Exercise details ->
Which lines below fall between the one containing "Bride and groom" and the one containing "Special Entebbe evening with Rami Sherman"? Repeat them exactly, counting both of those lines, and add nothing else.

Supplied material ->
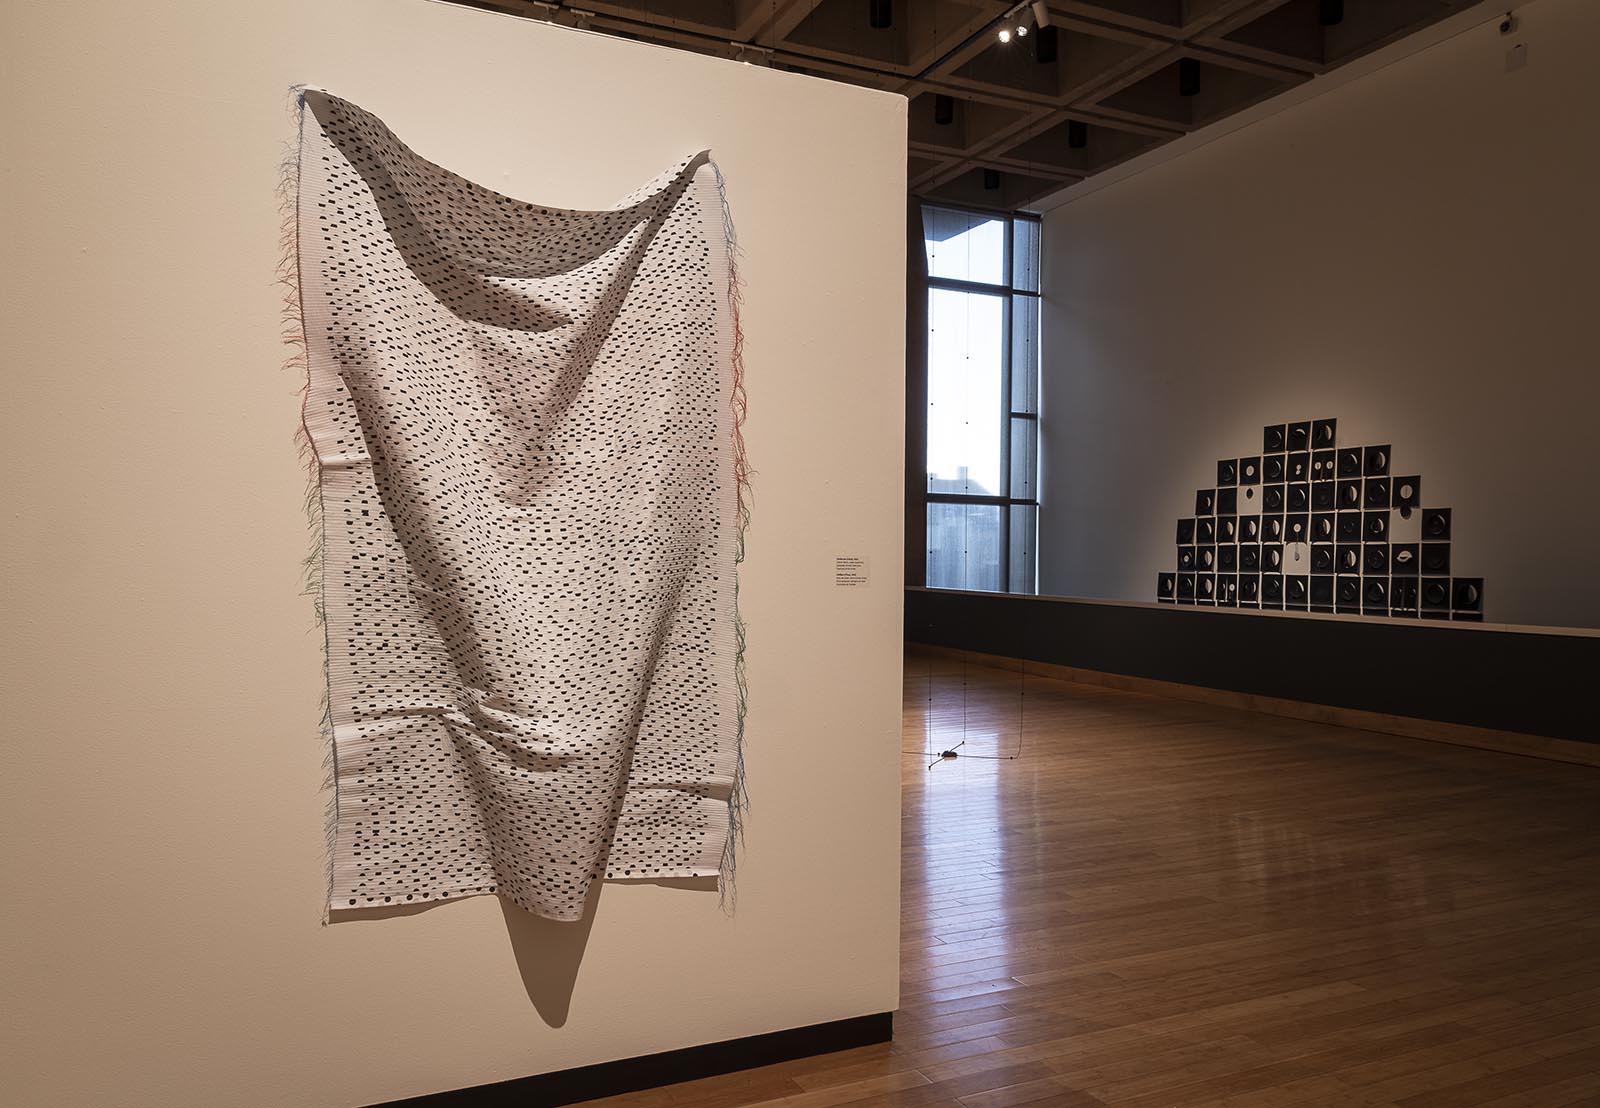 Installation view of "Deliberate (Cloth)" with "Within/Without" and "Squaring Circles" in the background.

---

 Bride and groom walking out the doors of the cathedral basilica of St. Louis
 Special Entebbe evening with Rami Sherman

Expected answer ->
 Bride and groom walking out the doors of the cathedral basilica of St. Louis
 Special Entebbe evening with Rami Sherman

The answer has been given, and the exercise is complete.